While they were unable to discern a motive, local police narrowed down the time of death as either the late afternoon or early evening of November 13, the day Weatherley disappeared. They also believed that she might have met her killer on the campus' restaurant, and due to this, they requested for assistance from the public in identifying anybody who was seen with Weatherley on that date. Investigators eventually narrowed down the time-frame even further, but were troubled by a 45-minute timespan in which they were unable to trace Weatherley's whereabouts.

While the police were gathering clues and witness testimony, Dr. James Brussel, a renowned psychiatrist involved with profiling offenders such as George Metesky and Albert DeSalvo, devised a psychiatric profile of the killer. In his profile, Brussel suggested that the offender was a white male under 30 years of age; of average build and height; of normal intelligence and good education; likely shy around women and easily panicked; possibly acquainted with the victim and suffers from some kind of perversion that enables him to kill. However, aside from the claim that shots apparently been fired in nearby Mansfield on the same afternoon as Weatherley's death, no usable new information surfaced in her killing.

==Arrest, trial and imprisonment==
On October 3, 1975, Delage was arrested for the kidnapping of a hitchhiker in Mansfield and thereafter quickly interned at the Norwich State Hospital. While receiving treatment, he contacted Dr. Hans Langhammer, a psychiatrist who worked in the hospital, claiming that he had "done something wrong". After reportedly giving statements implicating him in the murder of Carole Sgritta, Langhammer informed the authorities, who swiftly arrested Delage. A ballistics expert determined that his revolver was the same one used in the murder of Weatherley and possibly also the 1970 double murder of June Eberlin and Mary Lenihan, both 19, who were found shot to death in Fulton County, Pennsylvania on November 4, 1970.
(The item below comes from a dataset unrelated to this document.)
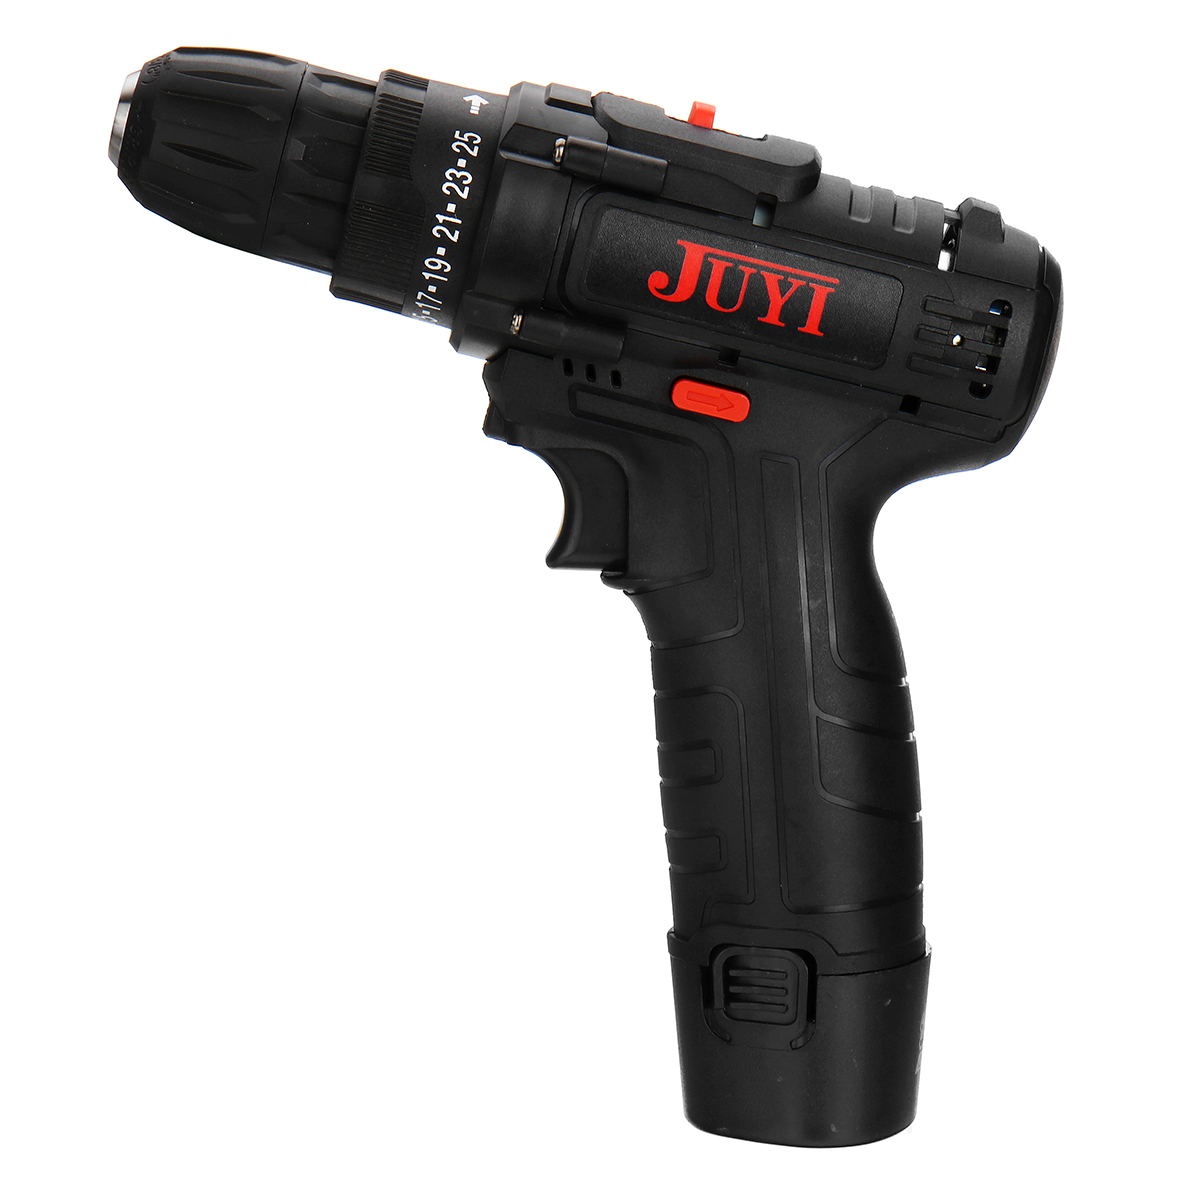 JUYI-12V24V-Lithium-Battery-Power-Drill-Cordless-Rechargeable-2-Speed-Electric-Driver-Drill-Motor-Re-1557976-8

Following these revelations, a $250,000 bail was set for Delage in the Sgritta murder. He was soon charged with her murder and extradited to face murder charges in New York. Initially, Delage's attorney attempted to convince the court to try his client as a juvenile – as he was 15 years old when he had killed Sgritta – but this motion was rejected, meaning that Delage could potentially face with the death penalty. Shortly afterwards, he agreed to plead guilty in exchange for a 20-years-to-life term. To avoid standing trial in Connecticut, Delage pleaded to the lesser charge of manslaughter and was sentenced to 14-to-20 years imprisonment for killing Weatherley.

As of April 2025, Delage is incarcerated at the Franklin Correctional Facility in Malone, New York, where he continues to serve his life term for Sgritta's murder. He has never been charged with the murders of Eberlin and Lenihan, both of which remain unsolved.